Kudos to the only person who saw through naysaying and actually tried the query on a large table we do not have access to. To all the rest saying this simply will not work (will return random rows) - we know what the manual says, and we know it is a hack - this is why we ask the question in the first place. However outright dismissing a query without even trying it is rather shallow. Can someone provide us with a real example (with preceeding CREATE/INSERT statements) demonstrating the above query malfunctioning?
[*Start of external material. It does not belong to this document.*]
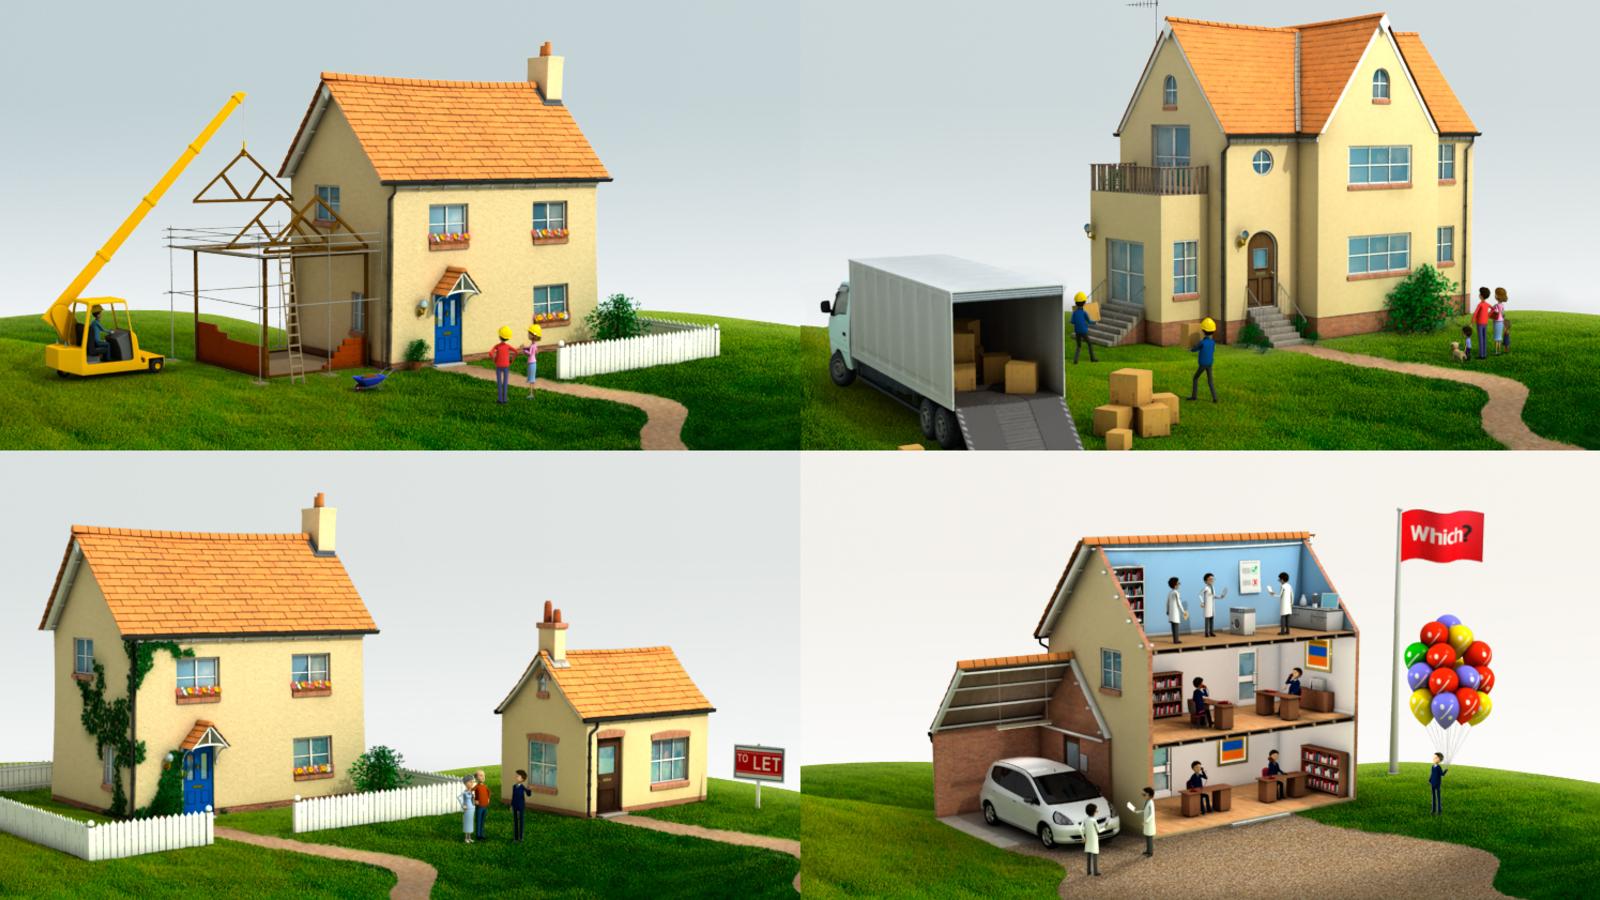 Final 3d render of house

Your update makes things much clearer. I think that the approach which you're using is seriously flawed. While it's nice to be able to have encapsulated, reusable code in your applications, front-end applications are a much different animal than a database. They typically deal with small structures and small, discrete process that run against those structures. Databases on the other hand often deal with tables that are measured in the millions of rows and sometimes more than that. Using the same methodologies will often result in code that simply performs so badly as to be unusable. Even if it works now, it's very likely that it won't scale and will cause major problems down the road.
Best of luck to you, but I don't think that this approach will end well in all but the smallest of databases.